Proposition 19’s Ugly Surprise for Apartment Owners and Tenants

A version of this article was first published by Jon Coupal on the Apartment Owners Association of California Inc’s blog.

When Proposition 19 eked out a narrow victory in the November election, most California voters knew the measure had something to do with protecting wildfire victims, seniors and the disabled from higher property taxes.

What most California voters didn’t know is that Prop. 19 took away an important taxpayer protection that had been part of the state constitution for more than three decades: the ability for parents to pass property to their children without reassessment.

Under Proposition 13, the iconic taxpayer protection initiative passed overwhelmingly by voters in 1978, annual increases in the assessed value of property may not exceed 2% unless there are significant improvements to the property, such as adding a room, or if there is a change of ownership. In the first instance, the improvements are assessed at market value, while the rest of the property maintains its Prop. 13-protected assessment.
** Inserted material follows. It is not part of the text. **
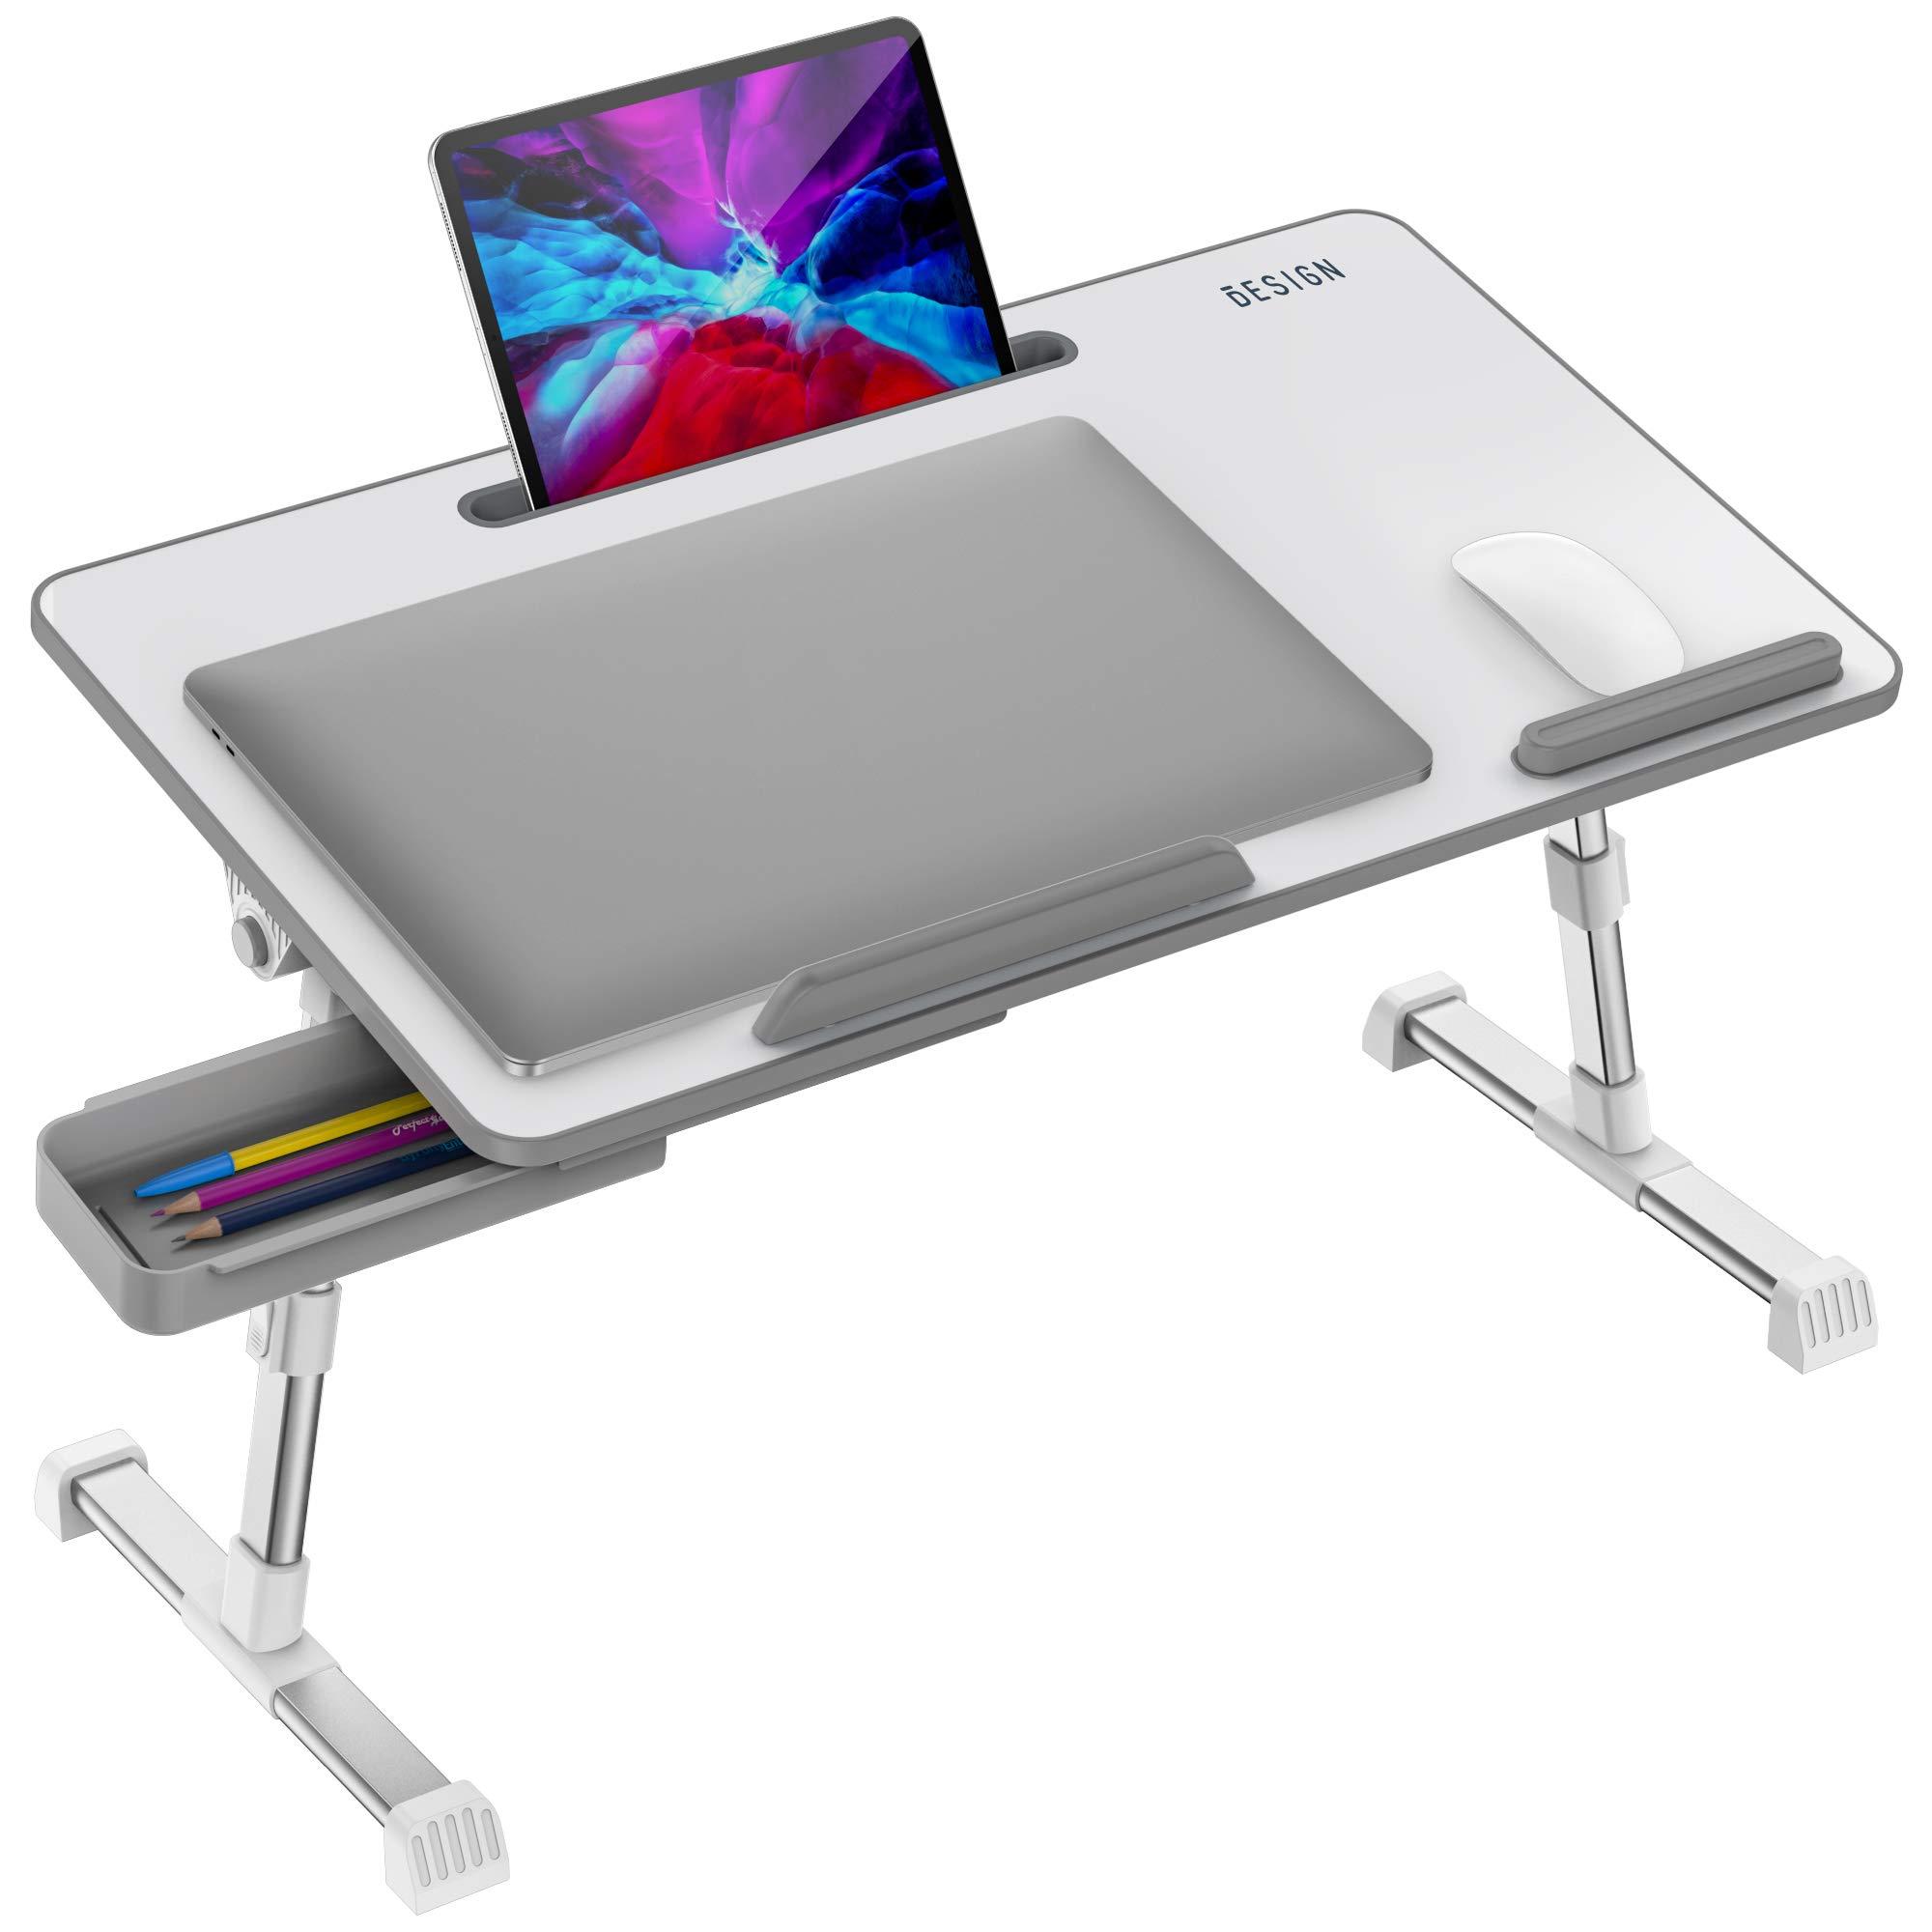 Mesa Plegable y Ajustable para Notebook - BESIGN - 89ZCP17B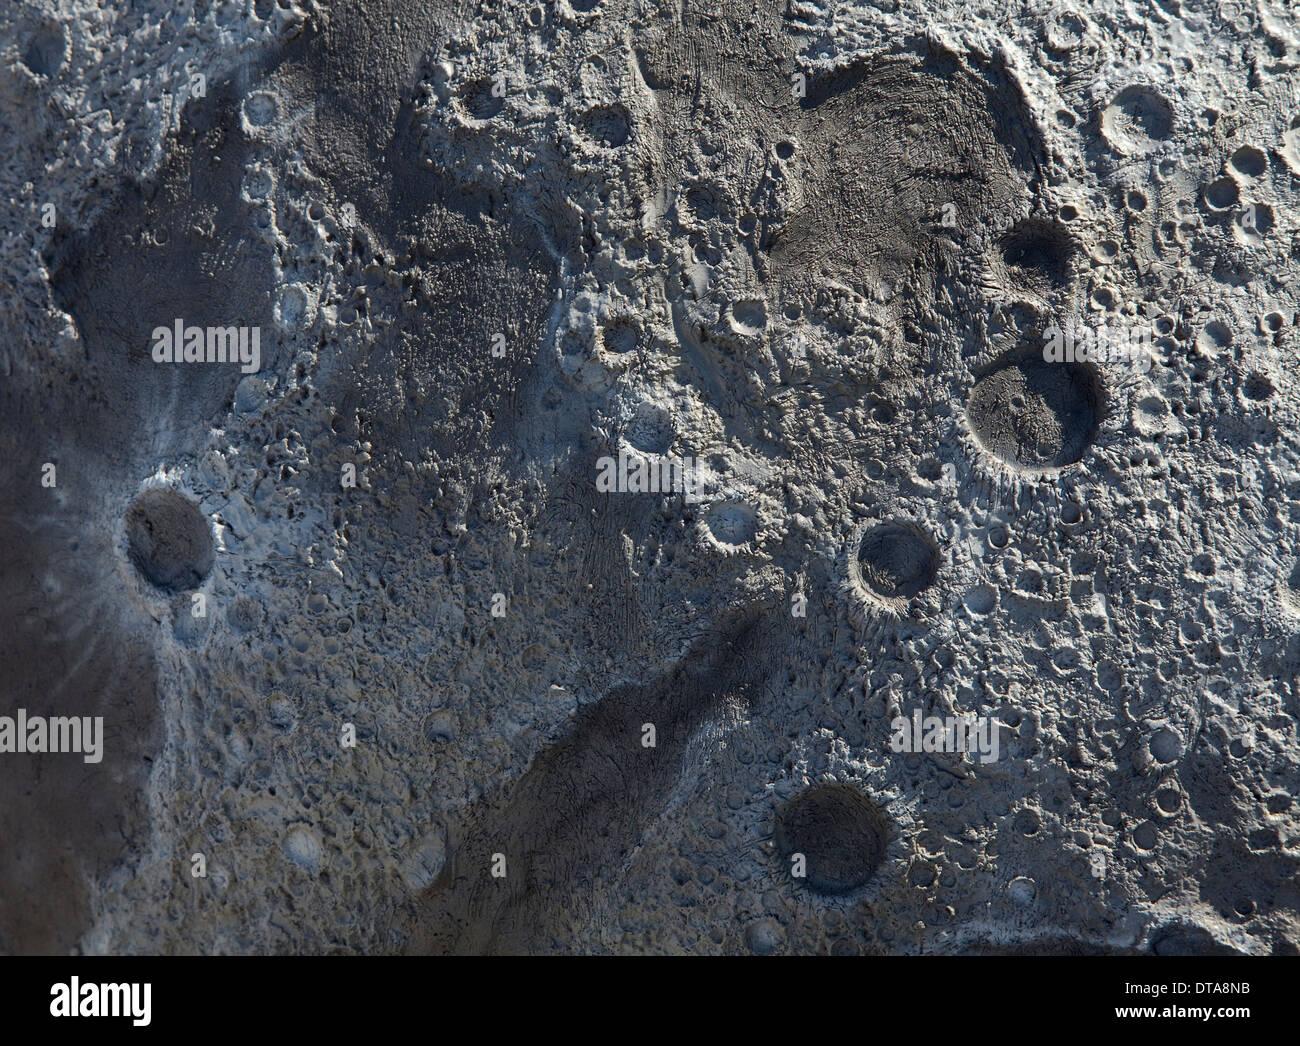 Mond, Erdmond Modell - Stock Image

Upon change of ownership, the entire property is reassessed to fair market value, generally the sale price.

In 1986, voters overwhelmingly passed Proposition 58, which changed the state constitution to create an exclusion from reassessment for certain properties transferred between parents and children. These transfers could include a home of any value plus up to $1 million of assessed value of other property. This second category encompassed income property such as apartment buildings or duplexes.

Proposition 19 repealed Proposition 58 and replaced it with a much narrower exclusion—except for family farms, only a parent’s principal residence that also becomes the principal residence of the child within one year is excluded from reassessment, and the exclusion is capped at $1 million above the current assessed value. Any other property that is transferred between parents and children is now reassessed to fair market value as of the date of transfer.

This means the owners of small apartment buildings who hoped to leave income property to their children will also be leaving the kids a new property tax bill that is 1% of the current market value on the day they inherit the property.

It’s already tough for small landlords to stay afloat, squeezed between rising costs and expanding rent control laws. Do the math with a new property tax bill based on the appreciated value of property almost anywhere in California, and it will break your pencil in two.